When you sign a “non-binding” Letter of Intent or Term Sheet before negotiating a lease, you might logically believe that you will not be bound by it. Unfortunately, based on recent trends and case law, that is not true.
Letters of Intent and Term Sheets (both referred to as “LOIs” here) serve the same purpose: they define the material provisions of the deal. They often state that they are non-binding. Once the parties sign an LOI it is commonly assumed that each party will negotiate to reach a final agreement, which includes the terms from the executed LOI. It all sounds harmless, but often the result is a one-sided document.
The Greatest Risk is the Unintended Result
Most landlords refuse to draft a lease unless a LOI has been executed. In order to provide the landlord with a timely signed LOI, tenants and real estate brokers often leave some issues unresolved and seek to protect themselves by using “non-binding” language.

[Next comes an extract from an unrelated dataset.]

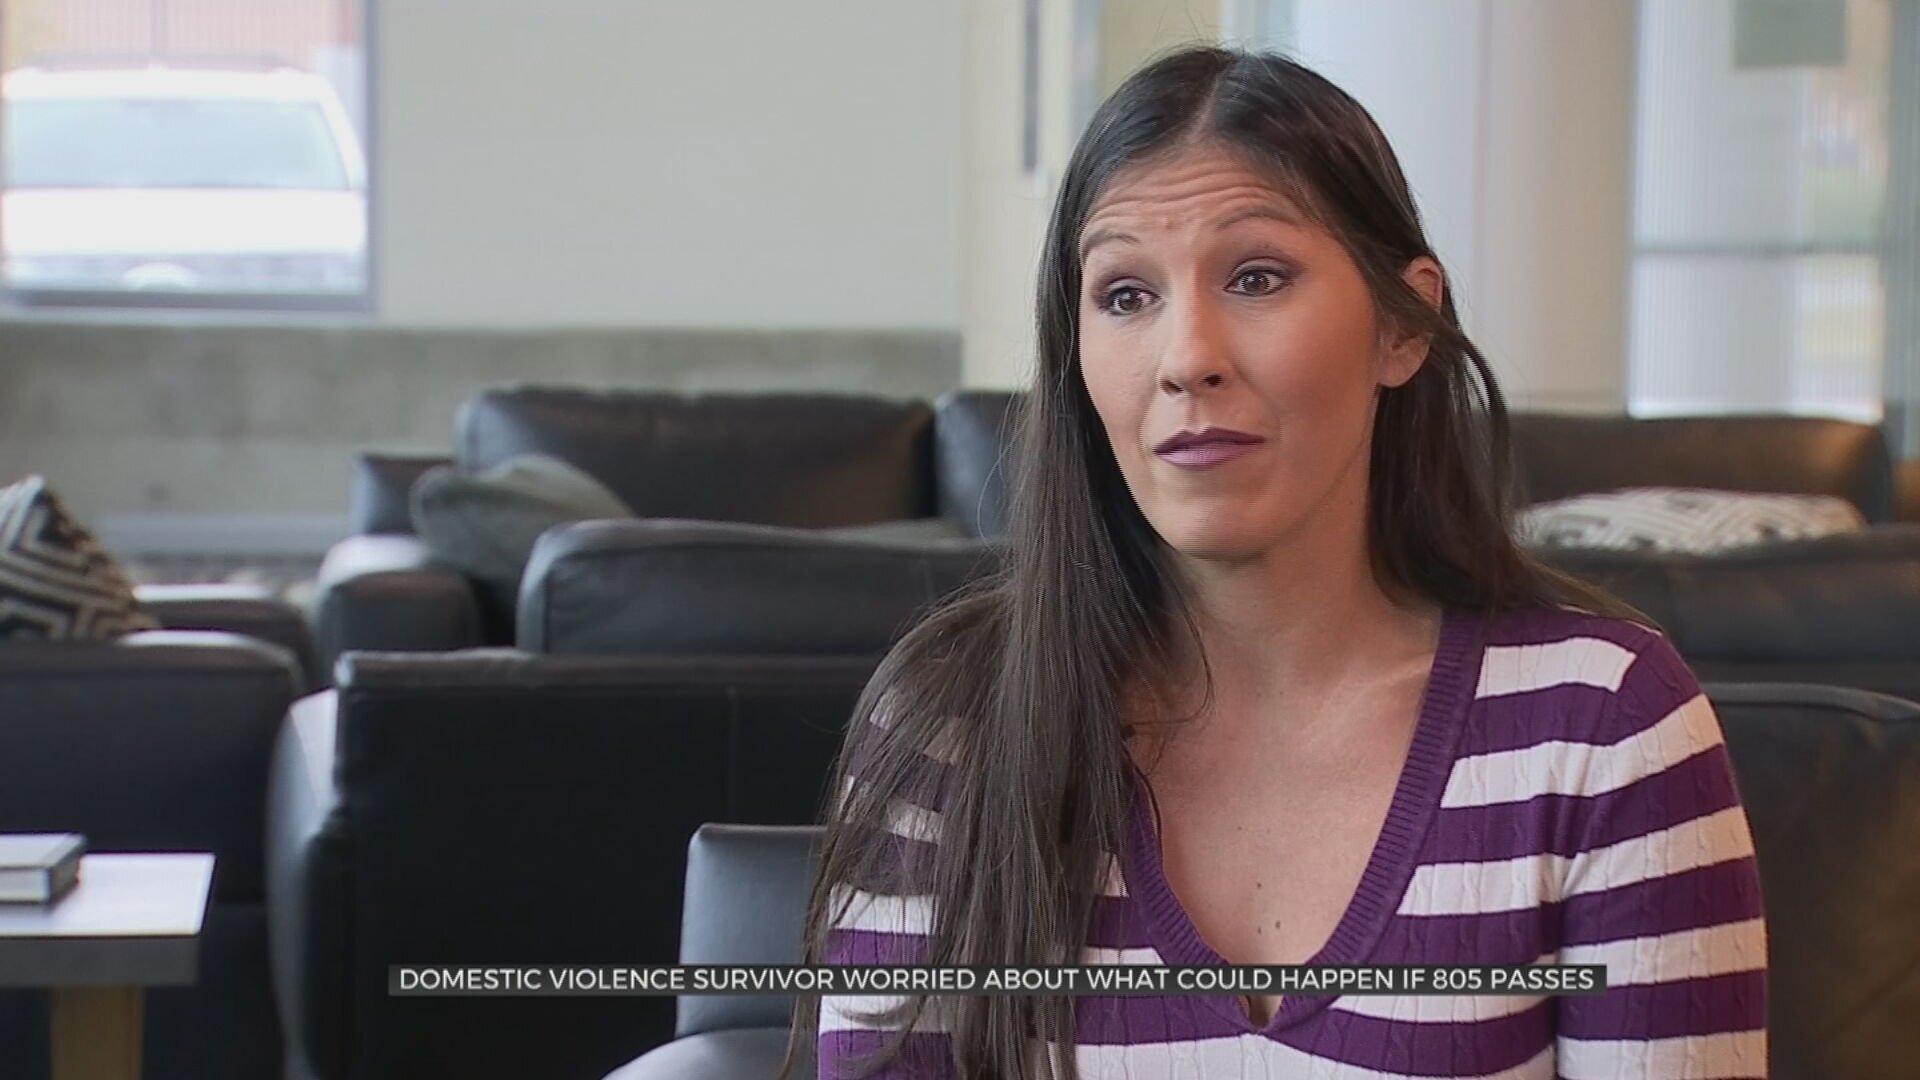 Domestic Violence Survivor Worried About Implications Of SQ 805

For example, although a LOI may include a personal guaranty it often does not include such details as who will provide the personal guaranty; the length of the guaranty; or how much of the rent the guaranty covers. Other relevant issues that can create real life business problems may simply be overlooked in the rush to finalize the LOI.
Recently, however, we have noted a disturbing trend as landlords refuse to deviate from the deal points of “non-binding” LOIs, even if new issues are presented in the proposed lease. It is the LOI or no deal. Be detailed and proactive when you negotiate a LOI with landlords and please do not sign without consulting your attorney.

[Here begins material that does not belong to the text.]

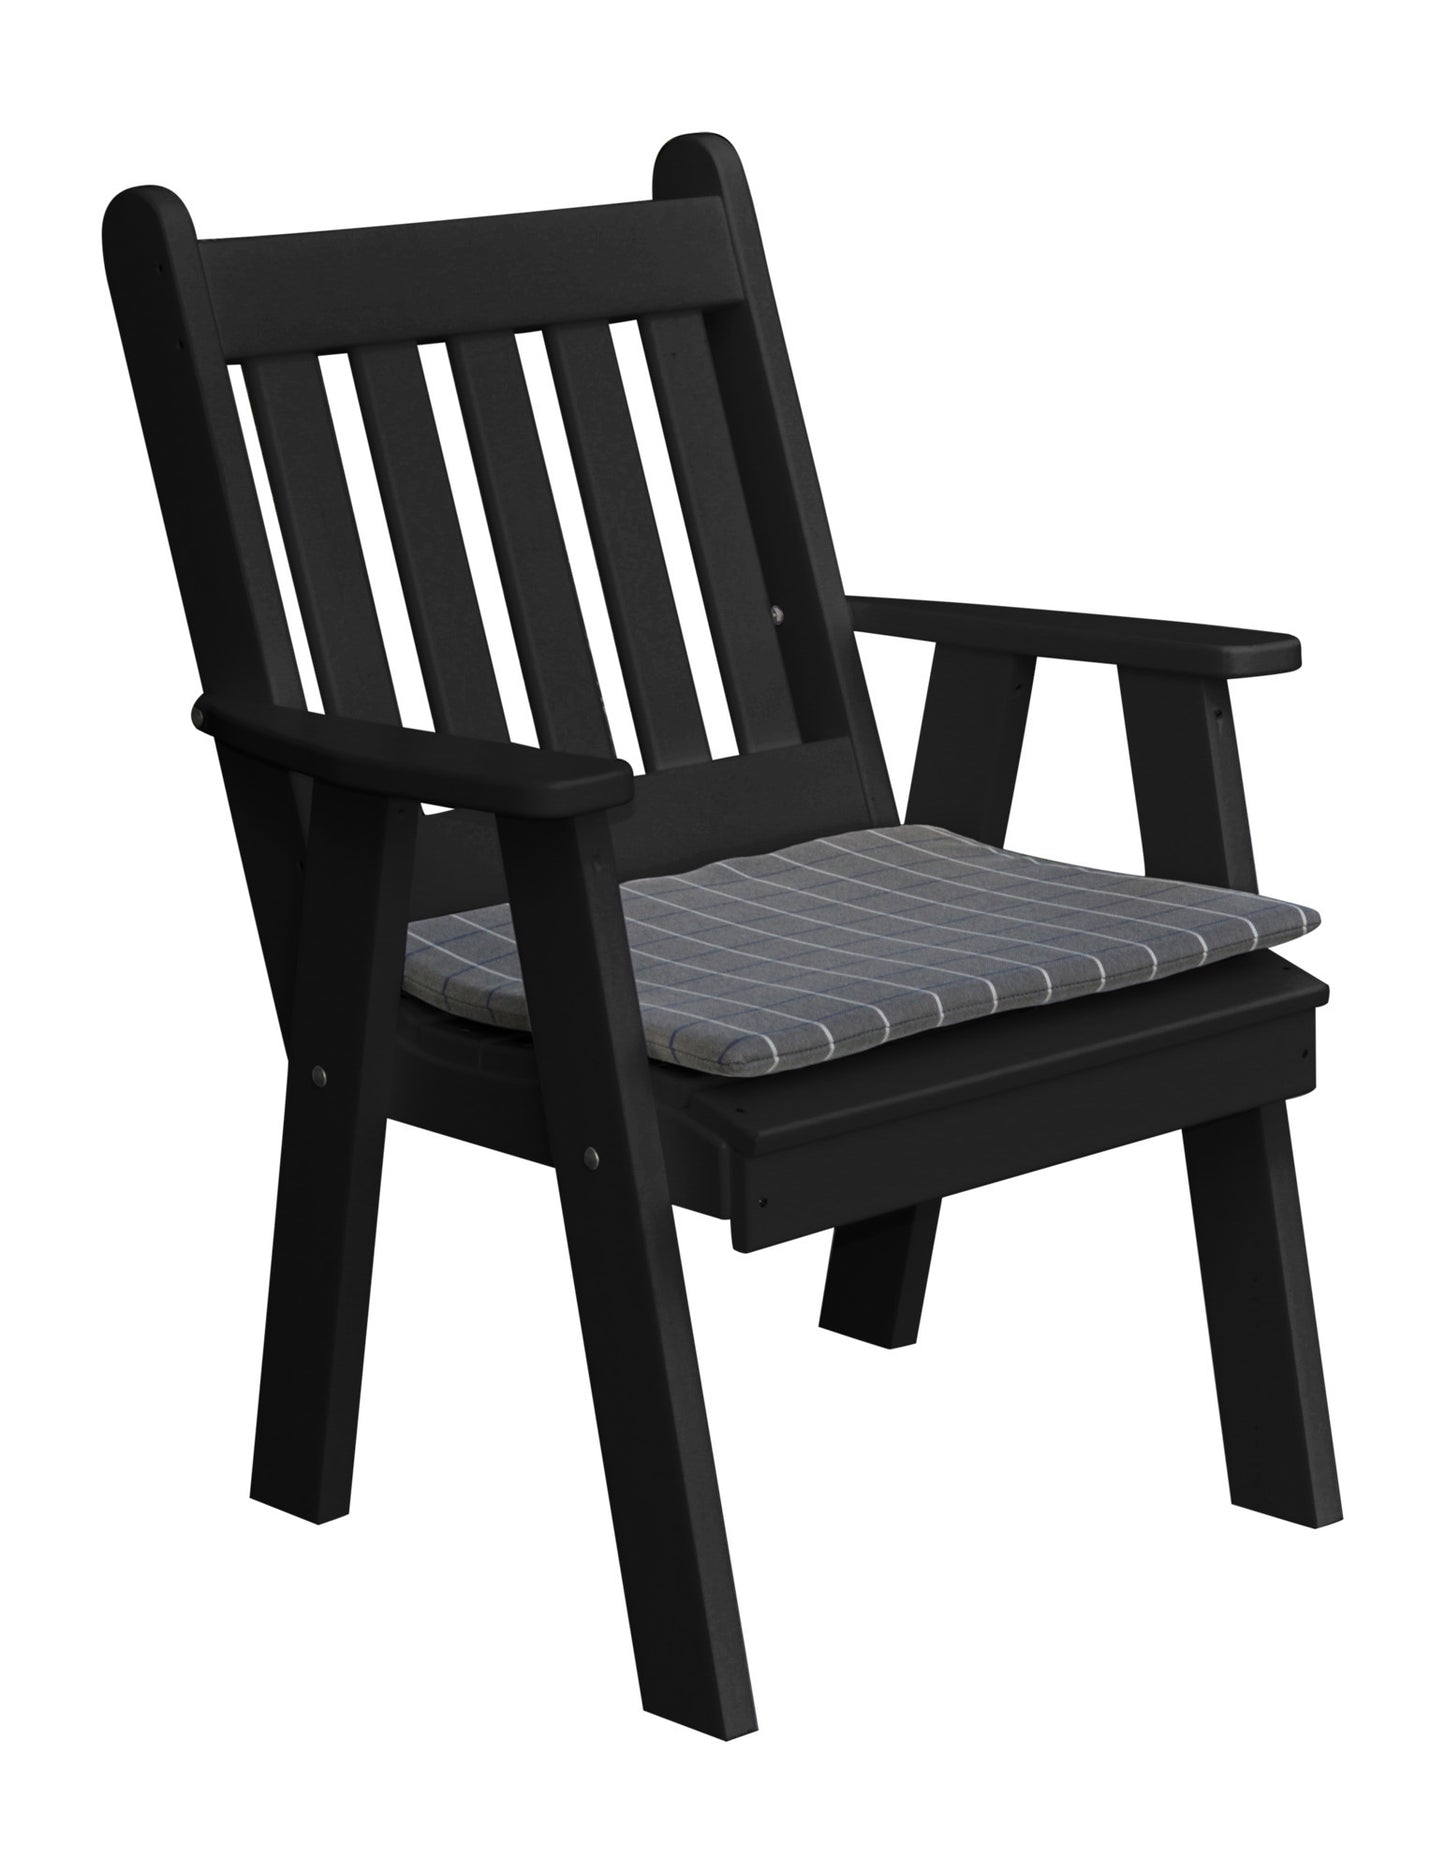 A&L Furniture Company Recycled Plastic Traditional English Deck Chair - LEAD TIME TO SHIP 10 BUSINESS DAYS

Courts Are Finding LOIs Enforceable
Courts in Delaware and Maryland both found LOIs as binding. These cases provide insight into what facts and circumstances will change non-binding to binding and a Term Sheet into a contract.
In the Delaware case, a Term Sheet, which expressly stated it was “non-binding,” was found by a court to be enforceable because it also stated that the parties agreed to negotiate in good faith to reach an agreement. In the end, some aspects of the proposed agreement could not be fulfilled and one party completely ignored the duty to act in good faith. The Delaware Supreme Court awarded damages, finding that intent to negotiate in good faith was a binding duty irrespective of the “non-binding” language.

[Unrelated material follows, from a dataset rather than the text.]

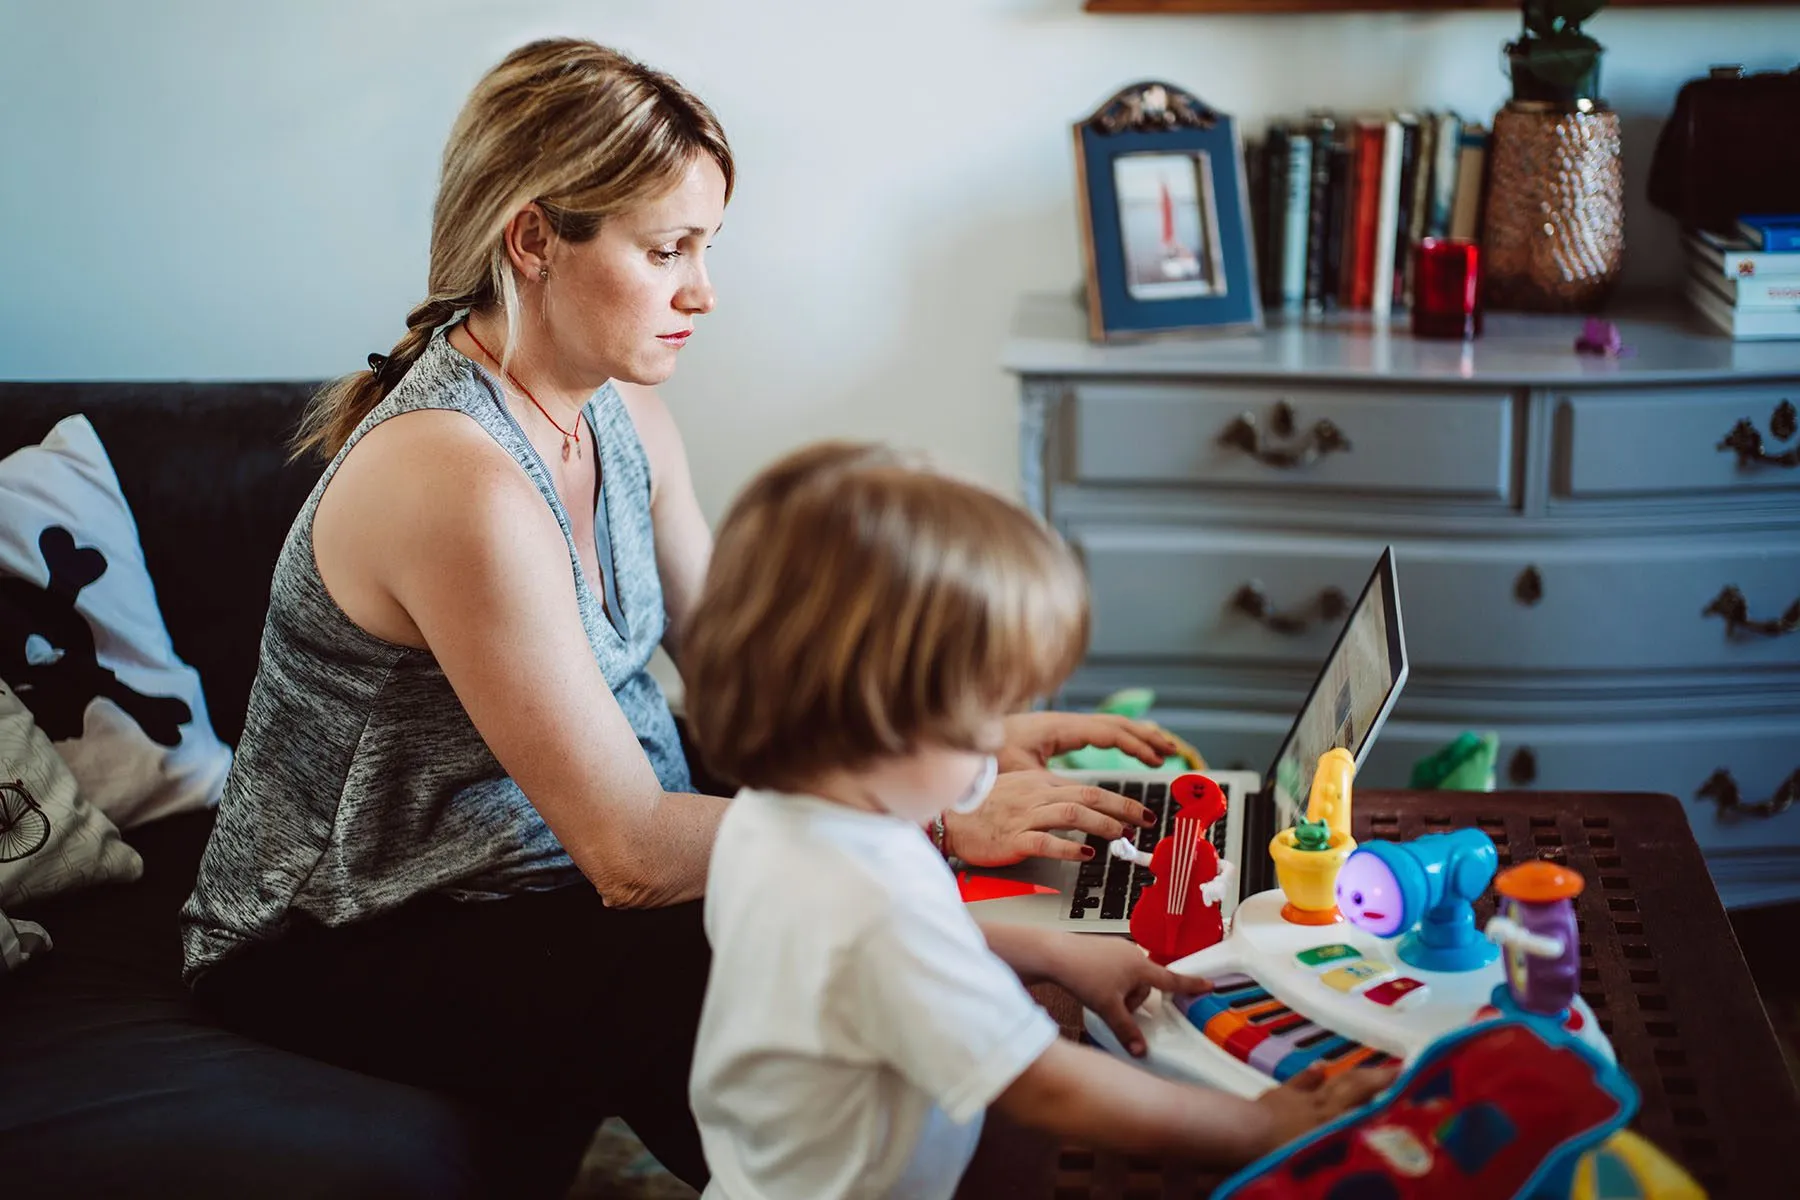 Woman working from home while her son plays next to her.

In Maryland, a similar case was decided in October of 2013. The lower court was presented with a LOI, the execution of which was a precondition to entering another agreement. Generally, such a LOI is not enforceable if the other agreement is not signed. Yet, the appeals court found it irrelevant that the second agreement was not signed because all necessary terms of the parties’ basic agreement were present and fulfilled in the LOI, which negated the need for the second agreement. Thus, absent any language expressly binding the parties, this court found that the LOI was enforceable because the parties clearly intended to be bound even though the second agreement was never prepared.
We as attorneys are staggered at how often we first see LOIs only after they have been signed. We encourage our clients to show LOIs to an attorney at an early stage, particularly with landlords and leases.
- Give as much care to the drafting of a LOI as to a binding contract.
- Do not wait to have your attorney review the LOI after it is signed. Consulting with your attorney at the earliest possible moment mitigates bad results.
- Think about your intent. Do you want the LOI to be non-binding or binding? Do not take this analysis lightly and make sure that the document accurately reflects your intent.
- Make sure you and your advisors take the time to prepare the LOI, and that it includes all important elements of the transaction(s). Leaving open issues for later requires a risk analysis. Too much ground may be lost which may not be recovered.
- Be careful when you use the words “good faith.” Courts tend to require a high standard of compliance.